### WHAT YOU NEED TO DO
All that is wanted is the lines from the first line of the listing below through the line containing "荷物ニュース接続詞The Bluebeards Revenge", written out exactly with pictures left out.

### DATA EXCERPT
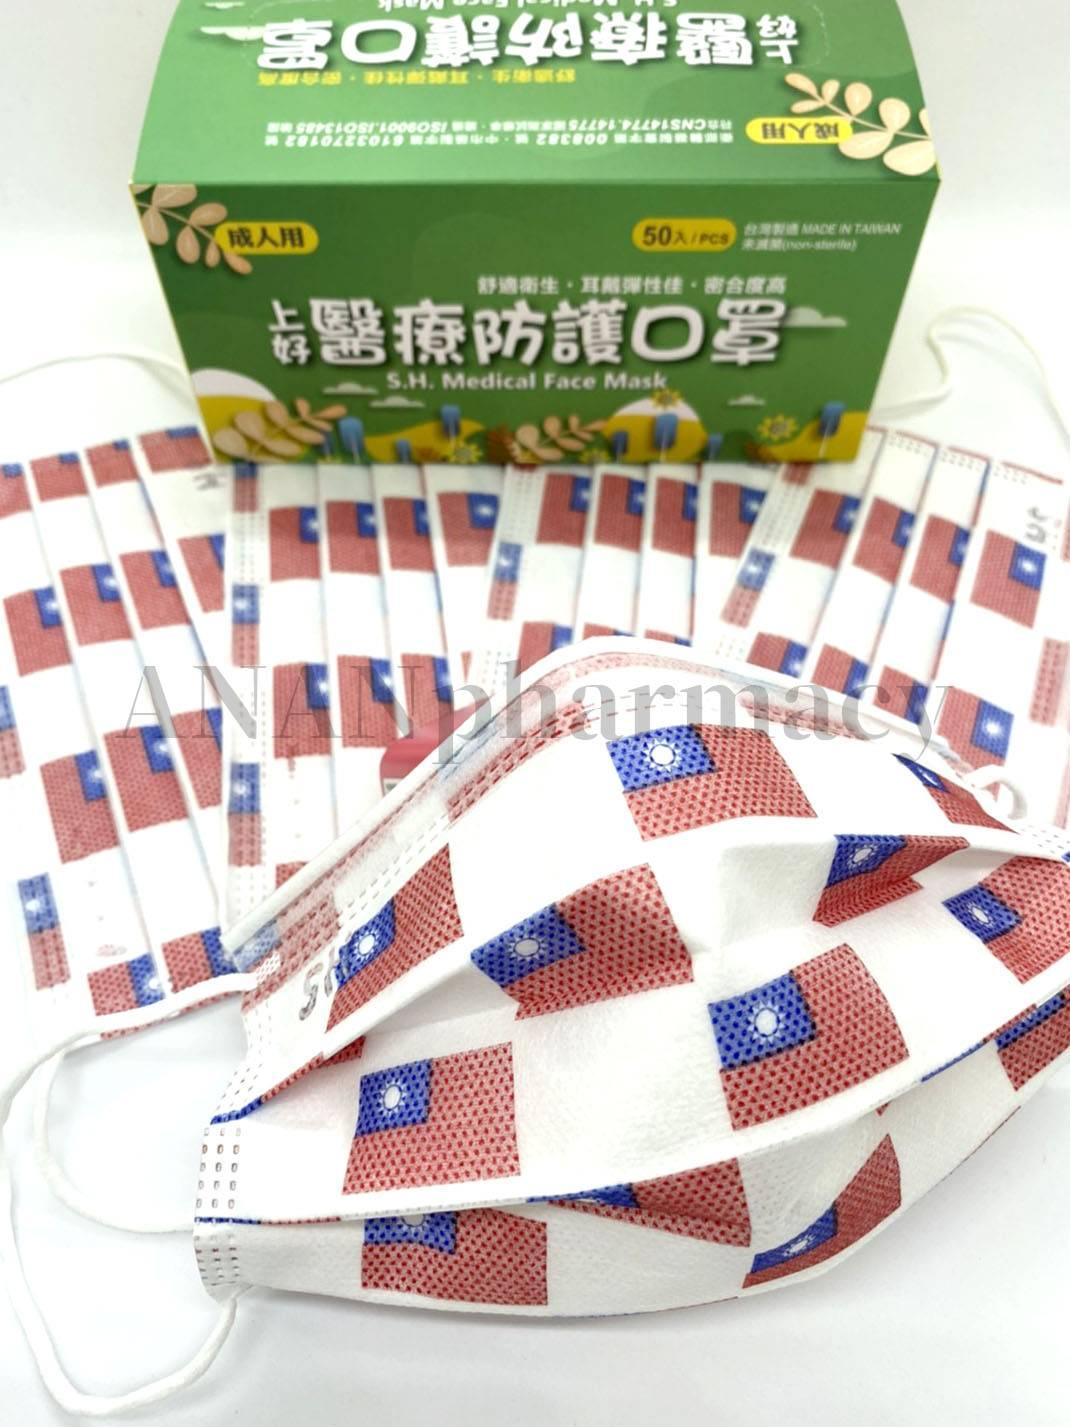 上好生醫 成人醫療口罩 50片/盒 愛台灣口罩 (台灣國旗) 042670
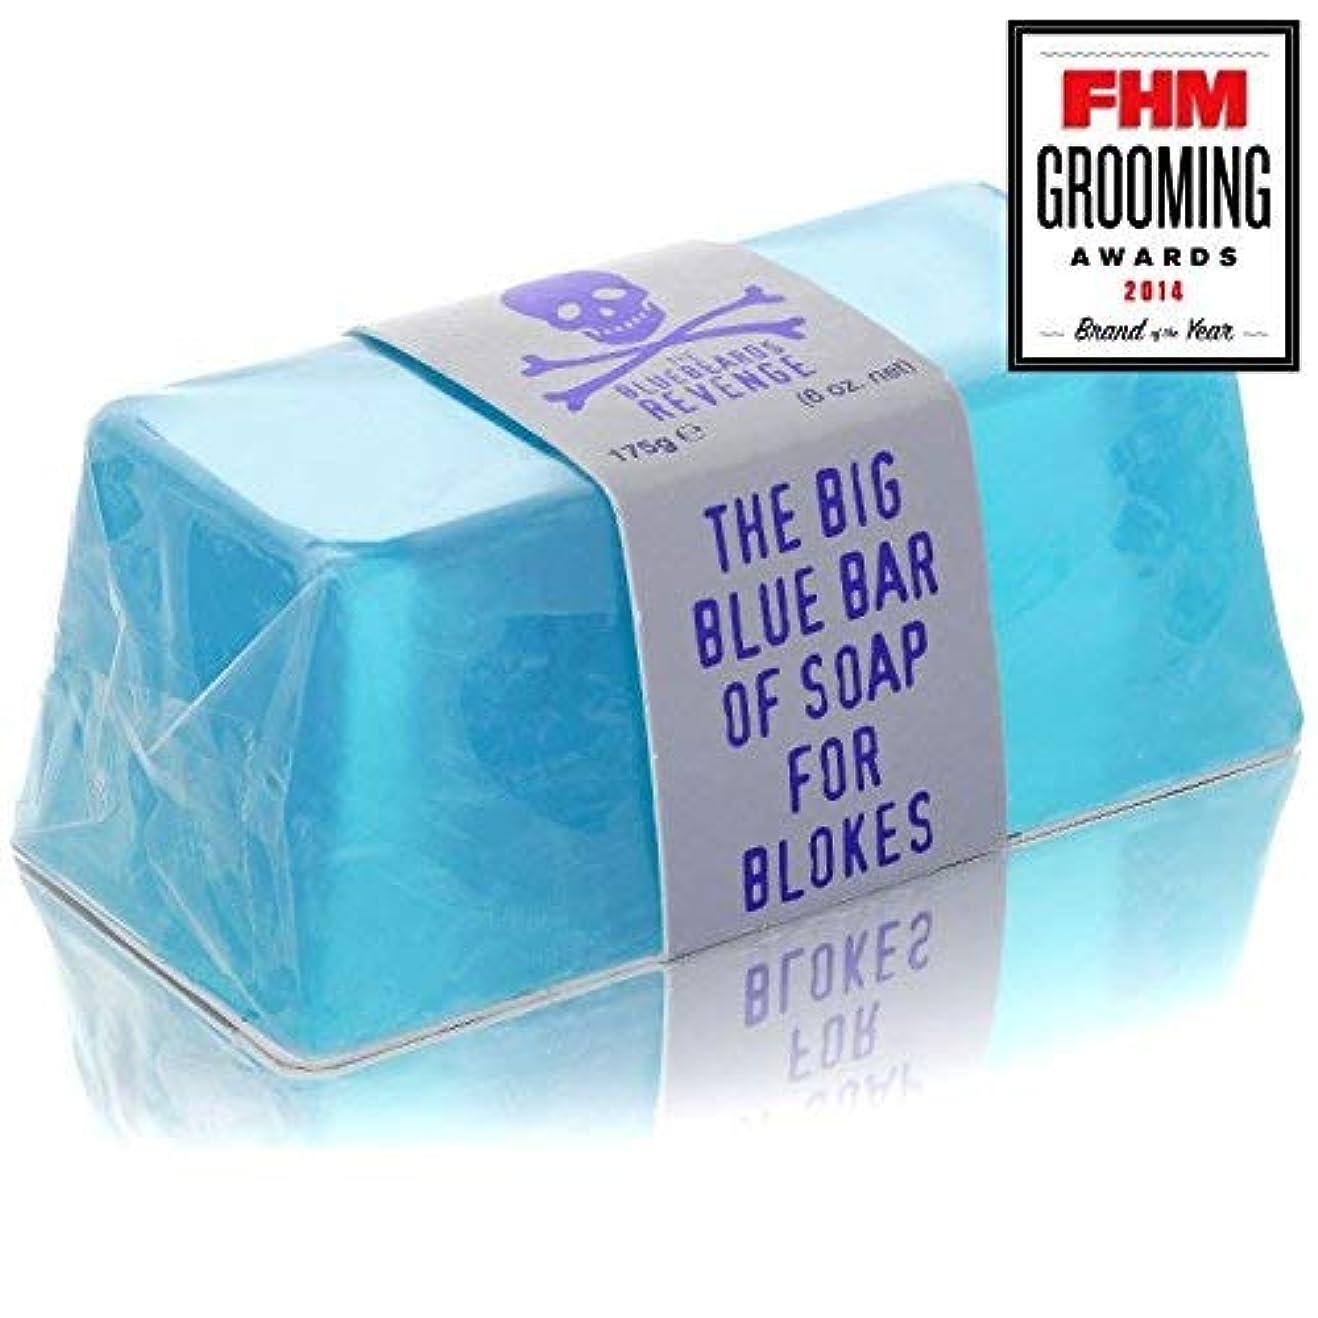 荷物ニュース接続詞The Bluebeards Revenge Big Blue Bar of Soap for Blokes Glycerin Soap by The Bluebeards Revenge [並行輸入品]
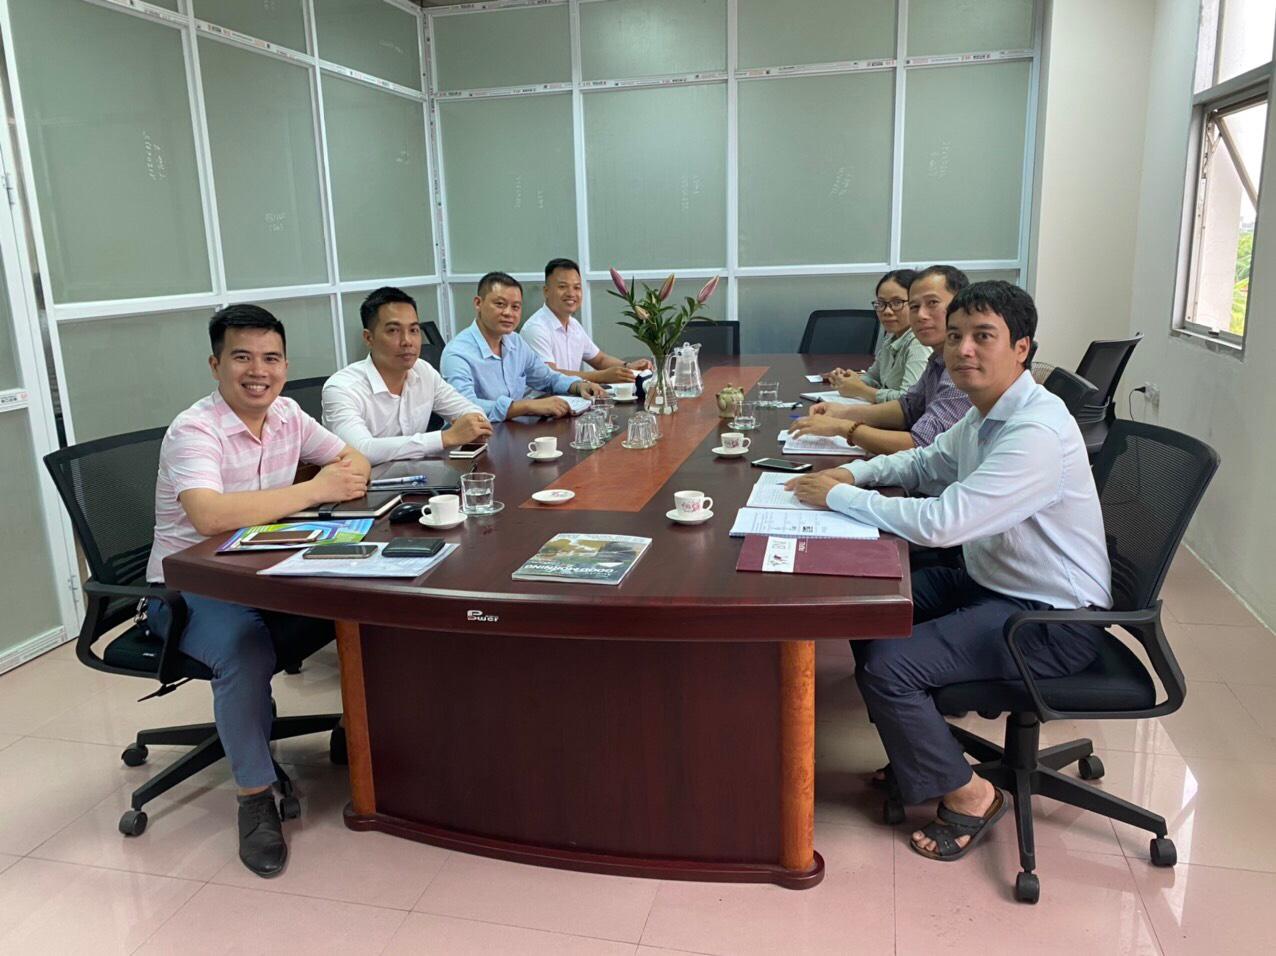 Kết nối doanh nghiệp thúc đẩy hoạt động sàn giao dịch công nghệ thiết bị, tăng cường thu hút doanh nghiệp đầu tư vào tỉnh Nam Định
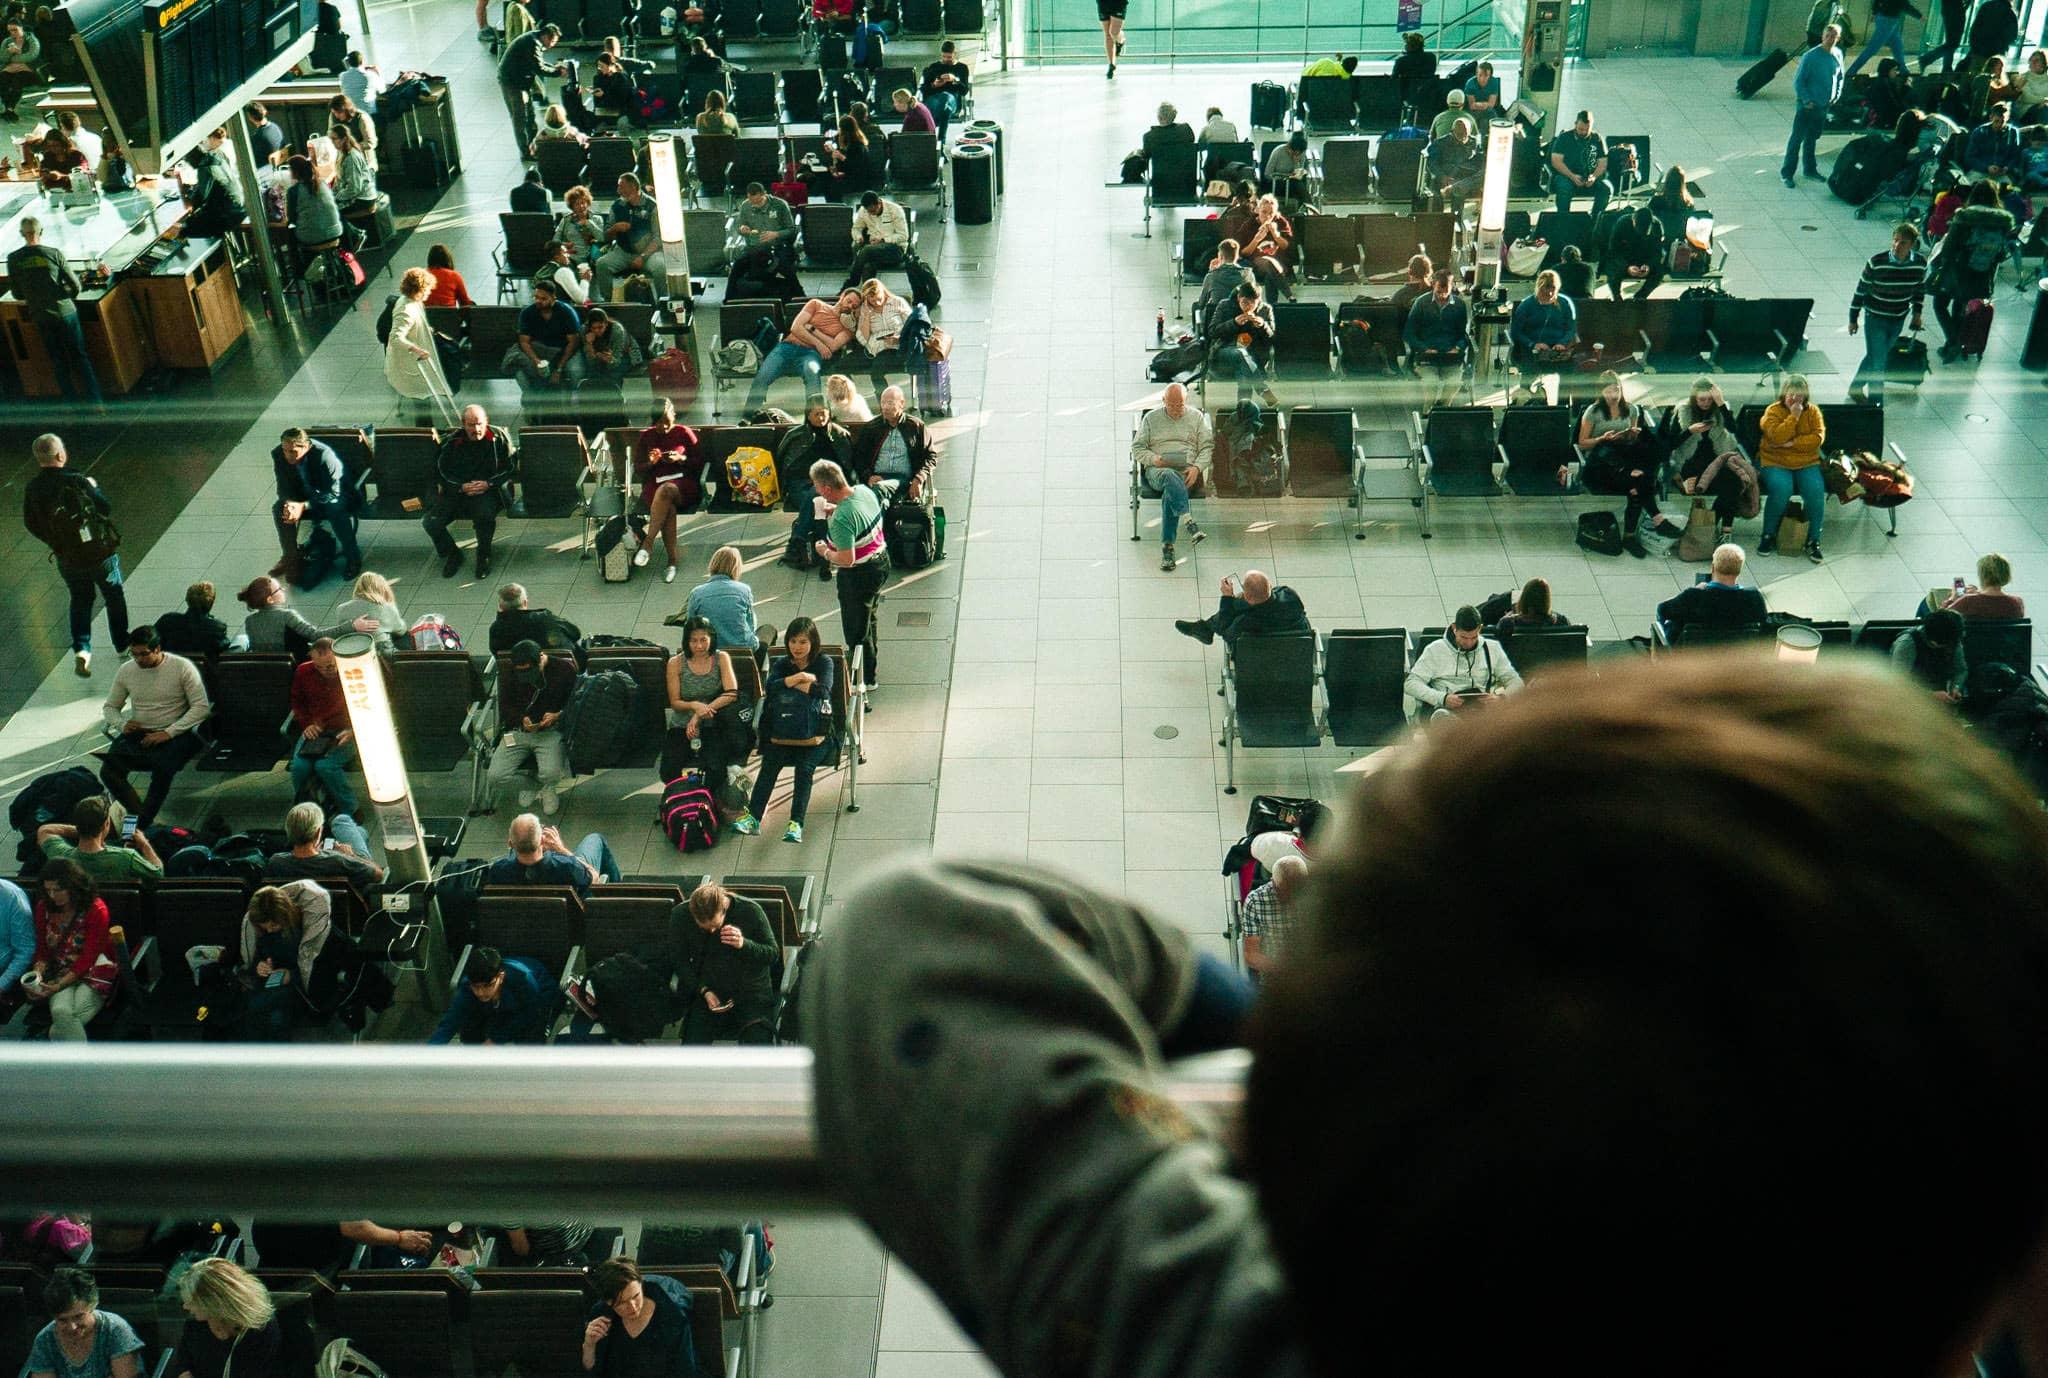 fotografie personali viaggio a dubai00002

### OUTPUT OF THE TASK
 上好生醫 成人醫療口罩 50片/盒 愛台灣口罩 (台灣國旗) 042670
 荷物ニュース接続詞The Bluebeards Revenge Big Blue Bar of Soap for Blokes Glycerin Soap by The Bluebeards Revenge [並行輸入品]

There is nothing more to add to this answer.